CCIA Statement on Conclusions of 12th WTO Ministerial Conference, Joint Industry Statement on E-Commerce Moratorium

BY Heather Greenfield
June 17, 2022

Washington – The WTO’s 12th Ministerial Conference (MC12) took place on June 12-16. Trade ministers met to review the functioning of the multilateral trading system and to take action on the future work of the WTO. 

At the conclusion of these meetings, WTO Members renewed the longstanding moratorium on applying customs duties on electronic transmissions, often referred to as the “WTO e-commerce moratorium.” Since its inception in 1998, Members are faced with the decision for renewal at the Ministerial conferences, contributing to two decades of policy stability. 

The Computer & Communications Industry Association joined other trade associations in a statement today showing how important the moratorium is to global commerce across all sectors and warning of the negative impact likely to result if countries started imposing new tariffs on electronic transmissions. Research from the Organisation for Economic Cooperation and Development (OECD) has also shown that the revenue implications of the moratorium are likely to be relatively small and that its lapse would come at the expense of wider gains in the economy. 

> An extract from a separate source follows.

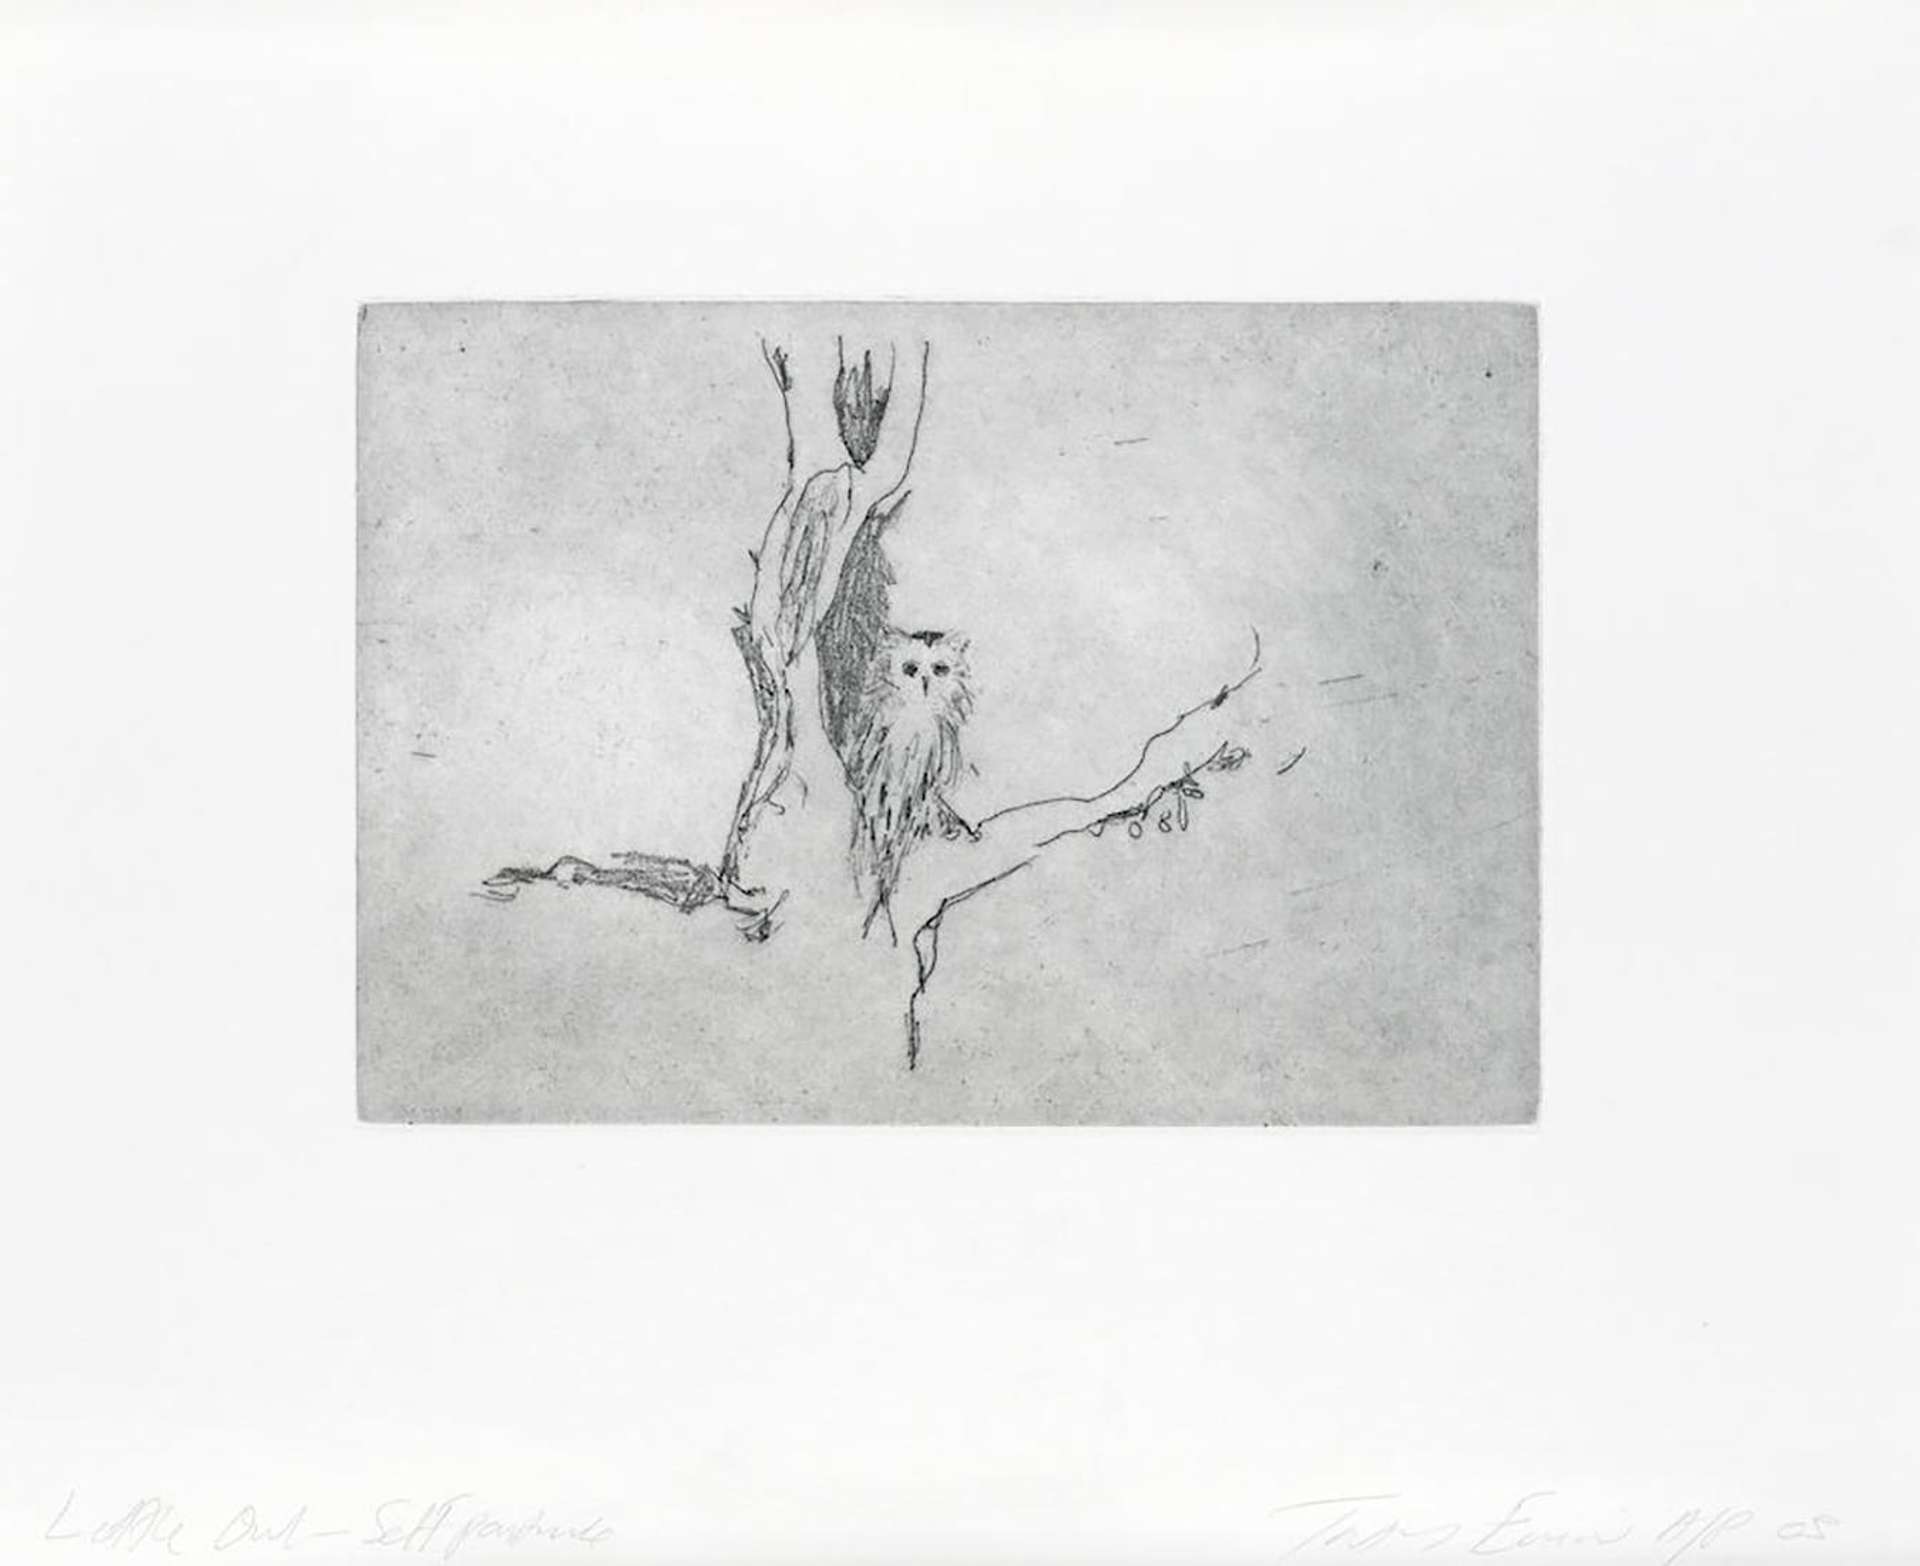 Tracey Emin: Little Owl - Signed Print

Countries also issued an update on the status of the ongoing work for the Joint Statement Initiative on E-Commerce to discuss high level rules for digital trade.

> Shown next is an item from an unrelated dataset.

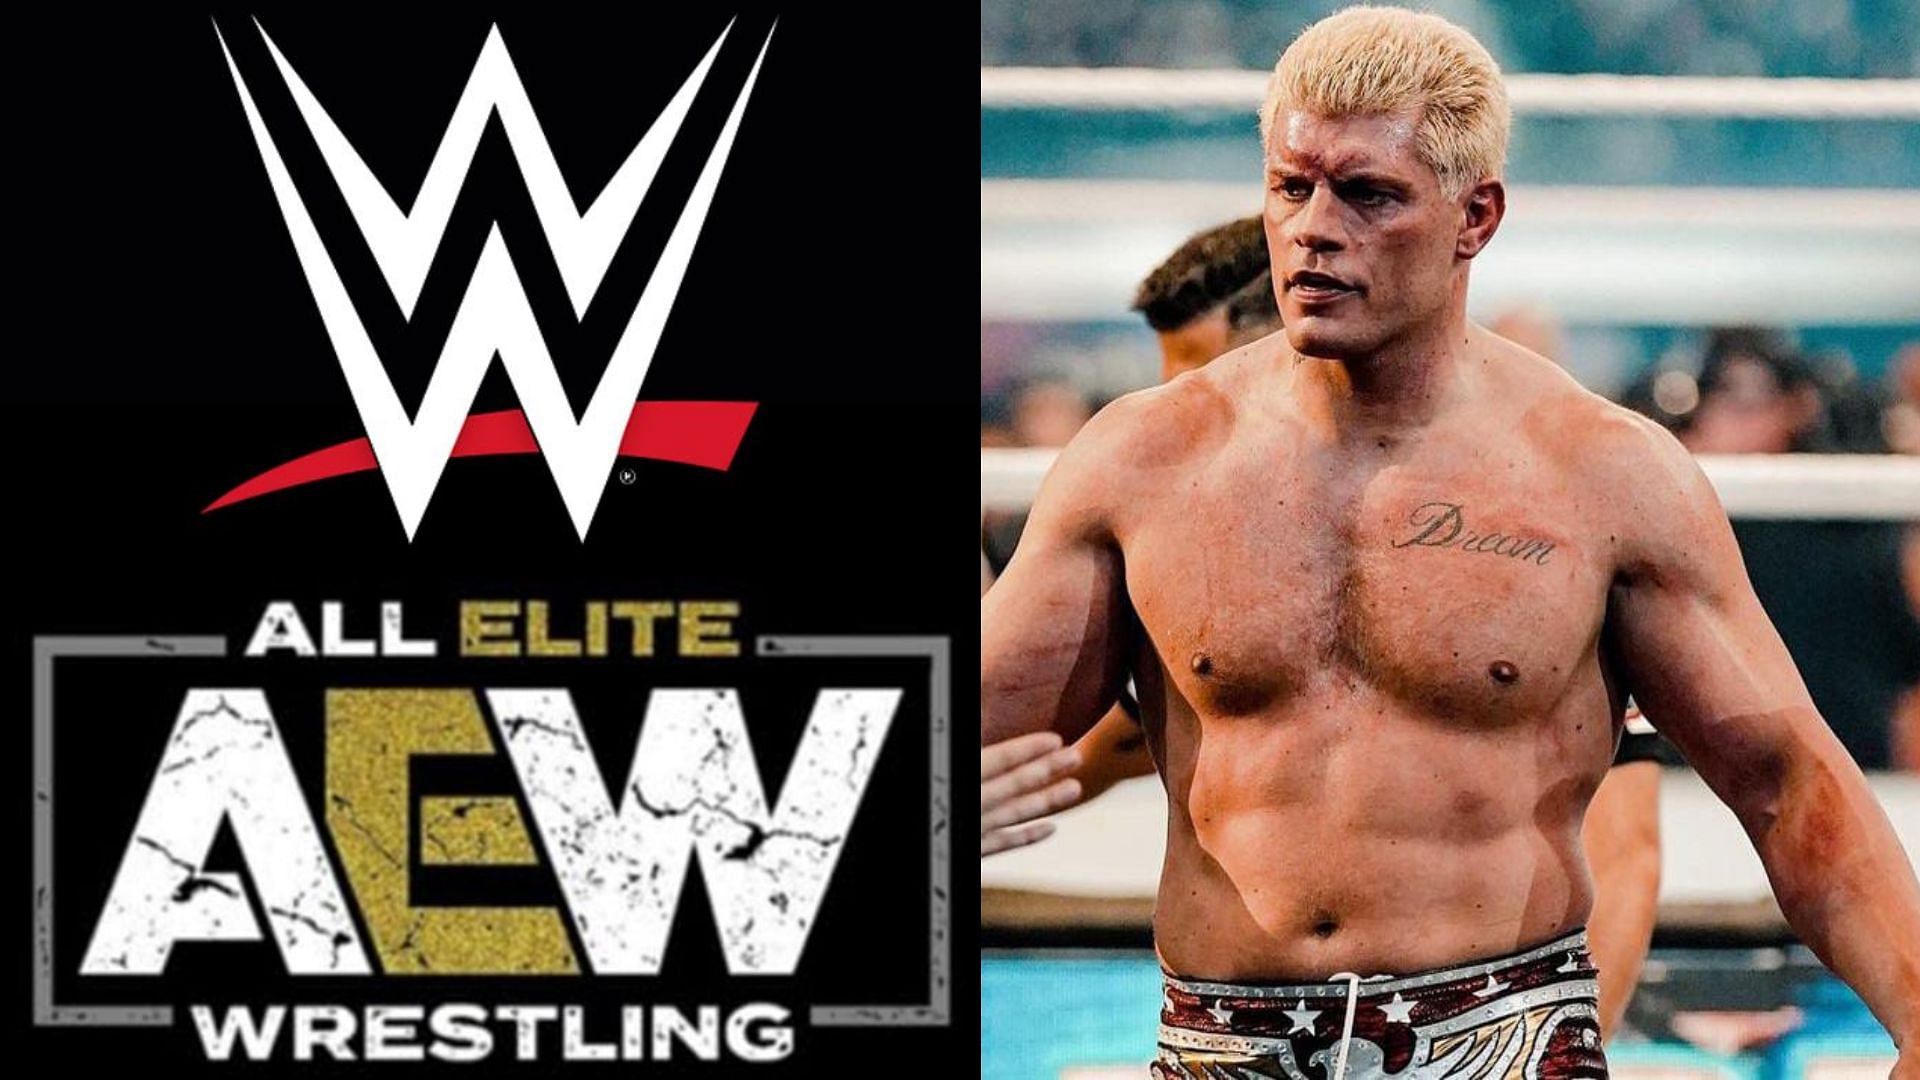 Cody Rhoes is a former AEW superstar now signed with WWE

The following can be attributed to CCIA President Matt Schruers:

“We congratulate WTO members on a successful Ministerial, and applaud the renewal of the longstanding e-commerce moratorium and renewed commitment by participating countries for the multilateral initiative on e-commerce. The absence of tariffs on electronic transmission has enabled the transfer of digital products and services over the internet for over two decades. This open system has promoted unprecedented innovation, productivity, and wide-ranging benefits among global trading partners.

CCIA encourages countries to continue to pursue trade rules that enable the free flow of digital services and products.”